WS-PGRADE, on the other hand, requires the creation of an abstract and a concrete workflow in a multi-step process (see Figure 5). During the creation of the concrete workflow, users input the required attributes and command line to associate a node to a specific remote binary. In contrast to the KNIME Analytics Platform, WS-PGRADE allows to assign files directly to input ports and it doesn’t perform a strict type checking: Any output port can be connected to any input port. Additionally, the structure of the incoming and outgoing files is arbitrary.

Adding nodes to the KNIME Analytics Platform requires knowledge of the Java programming language. Generic KNIME Nodes (GKN) [ 5 ], [ 6 ] was developed to add nodes without programming experience by allowing arbitrary command line tools to behave as KNIME Nodes and to seamlessly interact with other nodes inside the KNIME Analytics Platform. The only requirement is the representation of the tools by Common Tool Descriptors (CTDs), which are XML files describing the inputs, outputs and parameters of a tool [ 5 ], [ 6 ]. Currently, several software suites [ 12 ], [ 13 ], [ 14 ] are able to parse and generate CTDs (i.e., they are CTD-enabled). Figure 6 illustrates how CTDs interact with CTD-enabled tools.

We introduce KNIME2gUSE, an extension to the KNIME Analytics Platform which converts workflows from the KNIME Analytics Platform to WS-PGRADE, combining the features of both engines and overcoming their disadvantages.

Conversion of KNIME Nodes that were imported using GKN is somewhat trivial. Each of these nodes represents an external tool that is independent of the KNIME Analytics Platform. In this case, the matching binary for the represented tool is required on each of the target DCIs.
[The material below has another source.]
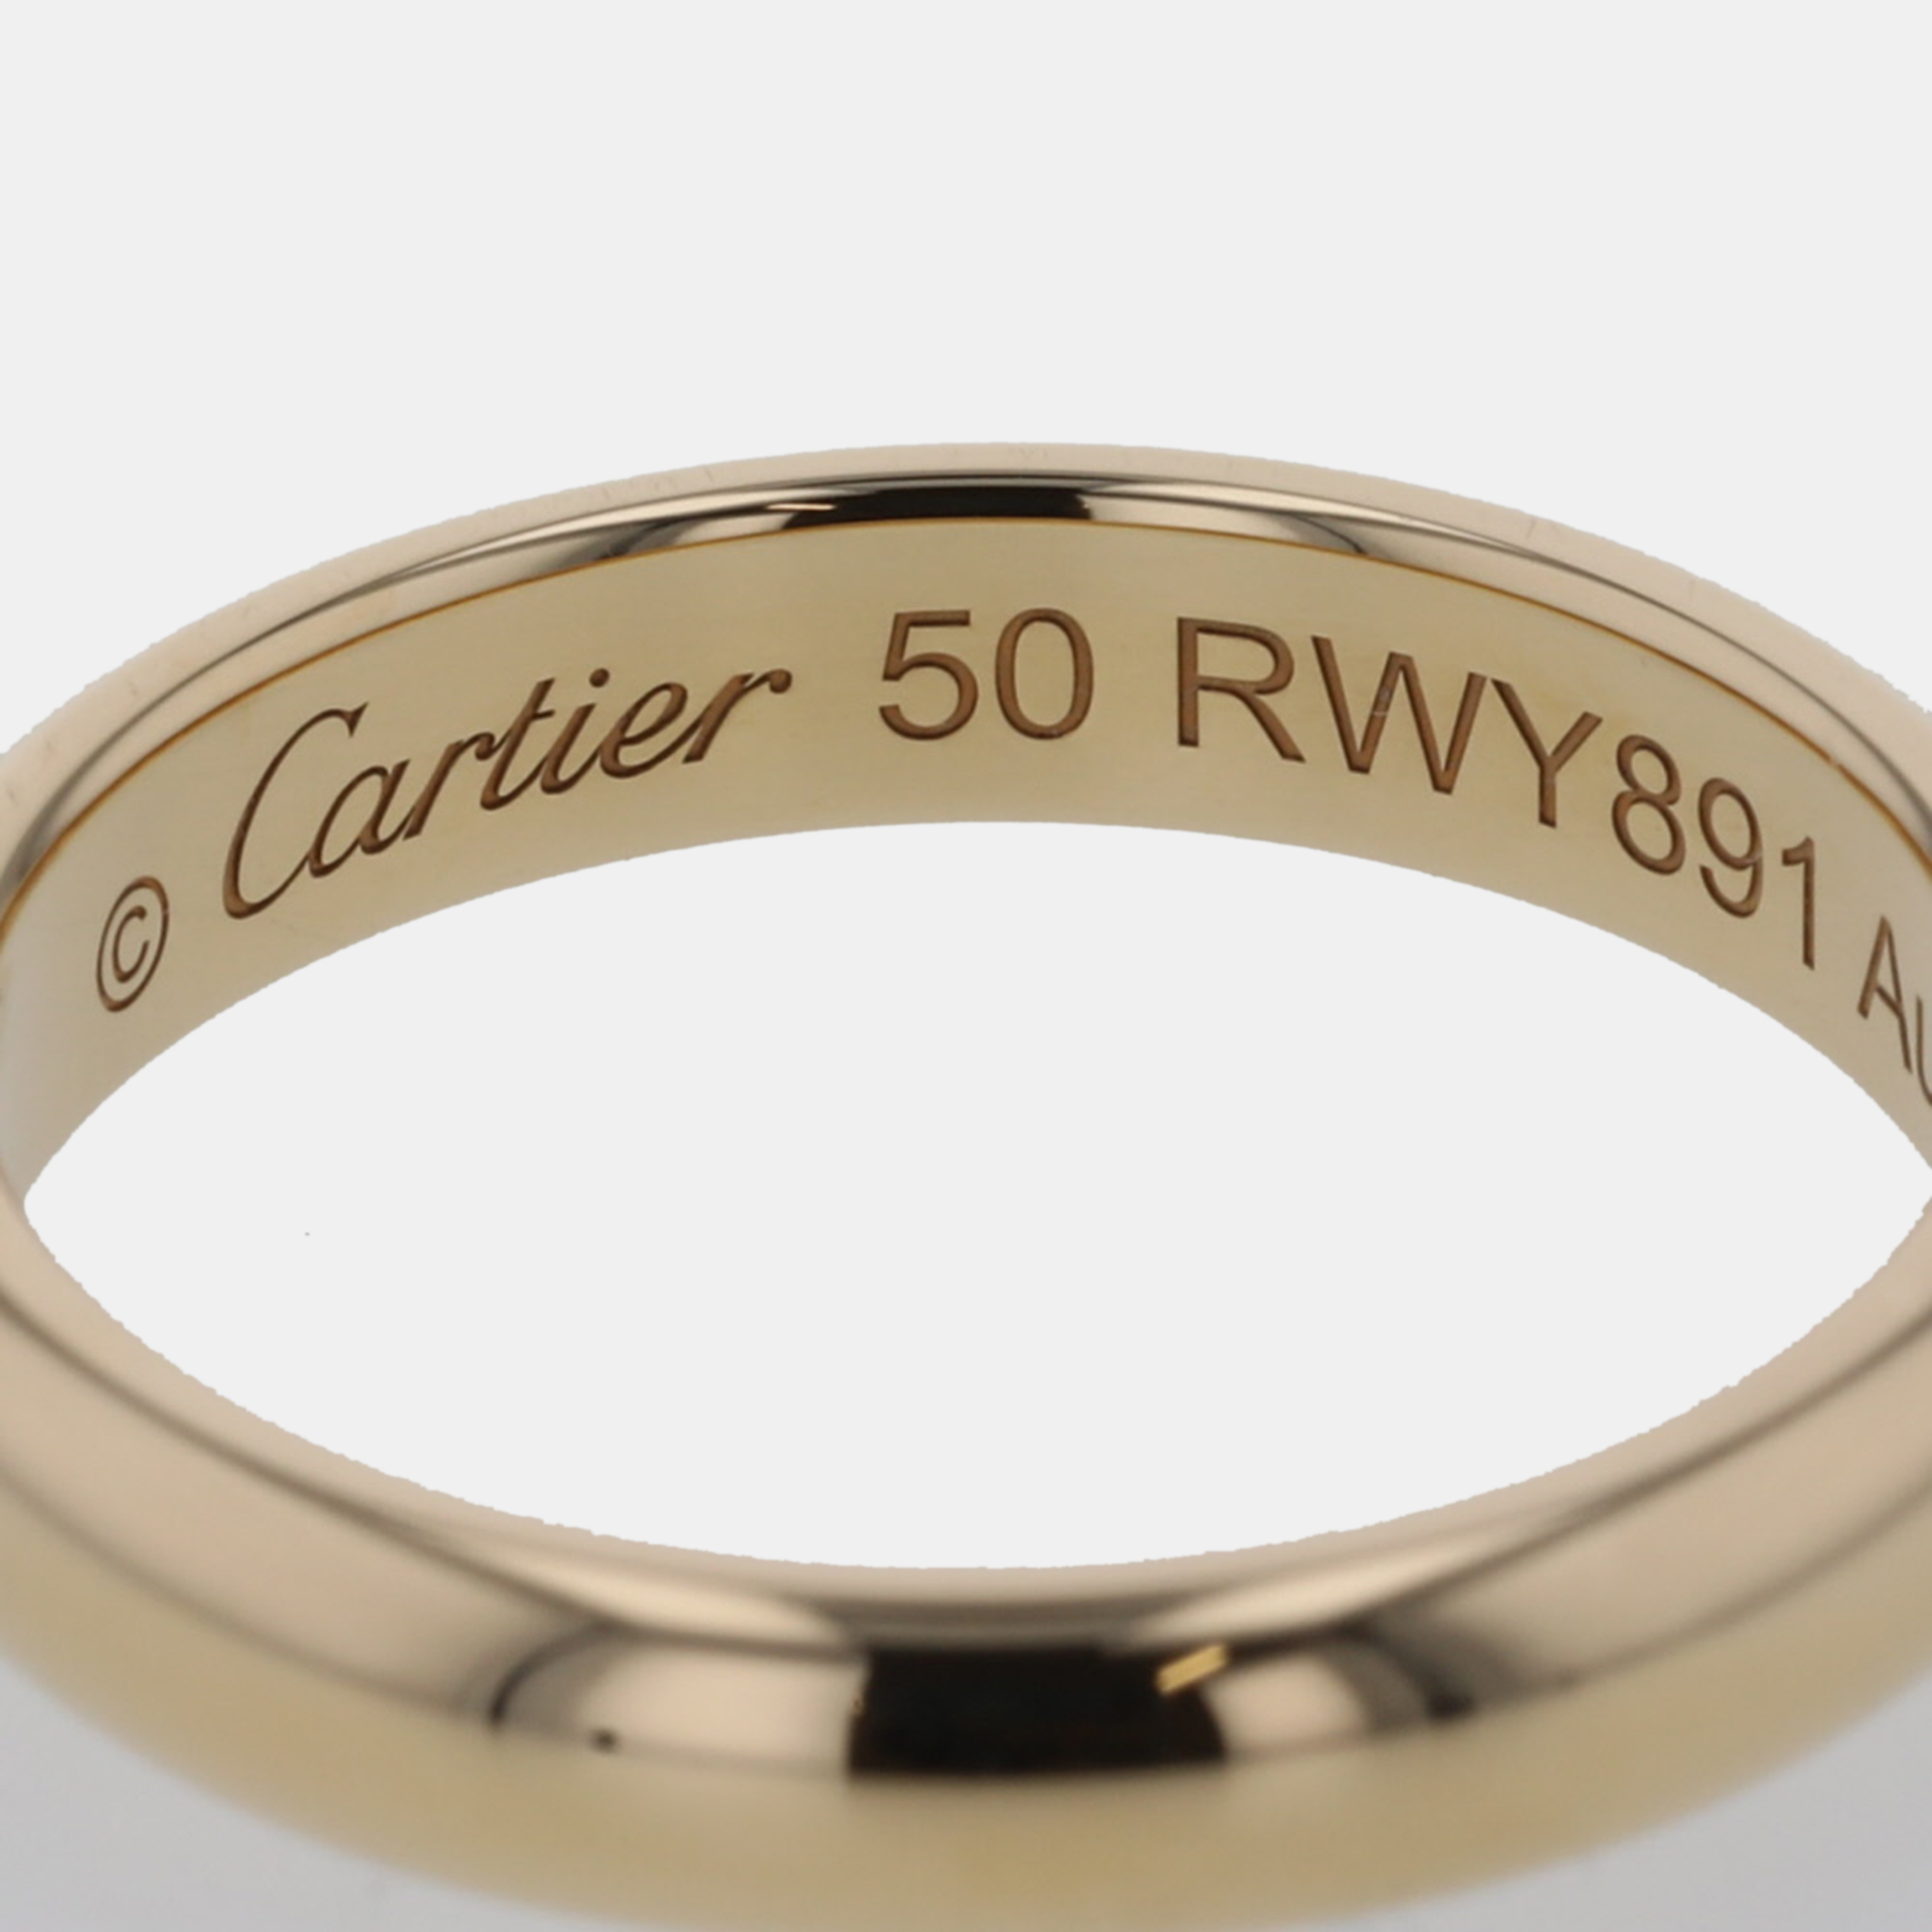 Cartier 18K Yellow Gold 1895 Wedding Band Ring EU 50

We identify native nodes as those KNIME Nodes that were not imported using GKN (i.e., pre-packaged nodes, nodes added as third-party extensions or nodes added by the user via other means). Each native KNIME Node is an instance of a Java class managed by the KNIME Analytics Platform. Such nodes exist only in the context of the process that hosts the KNIME Analytics Platform. Execution of a single KNIME Node requires a running instance of the KNIME Analytics Platform and converting these nodes is not trivial. Furthermore, a suitable distribution of the KNIME Analytics Platform must be present on each of the target DCIs.

Data between KNIME Nodes can only be channeled between ports with compatible data types. Since channeled data are in-memory representations of table-formatted data (i.e., data tables), we have devised a solution that allows native KNIME Nodes to be executed as if they were command line tools: During the export process, native KNIME Nodes are individually packed into a small KNIME workflow. Each such generated workflow contains a copy of the original node, along with any user-established settings. Since inputs and outputs for the exported node won’t be channeled inside an instance of the KNIME Analytics Platform, extra reader and writer nodes (i.e., Table Reader and Table Writer) are also included in this small workflow. These nodes allow the serialization and deserialization of the in-memory data format required by native KNIME Nodes. The KNIME Analytics Platform can execute workflows in a so-called batch mode, without the need of a graphical user interface. A suitable command line is automatically generated during our export process. When the batch mode execution of this generated workflow is started, input files will be read into the KNIME data table format; upon completion, any output will be serialized from the KNIME data table format into a file.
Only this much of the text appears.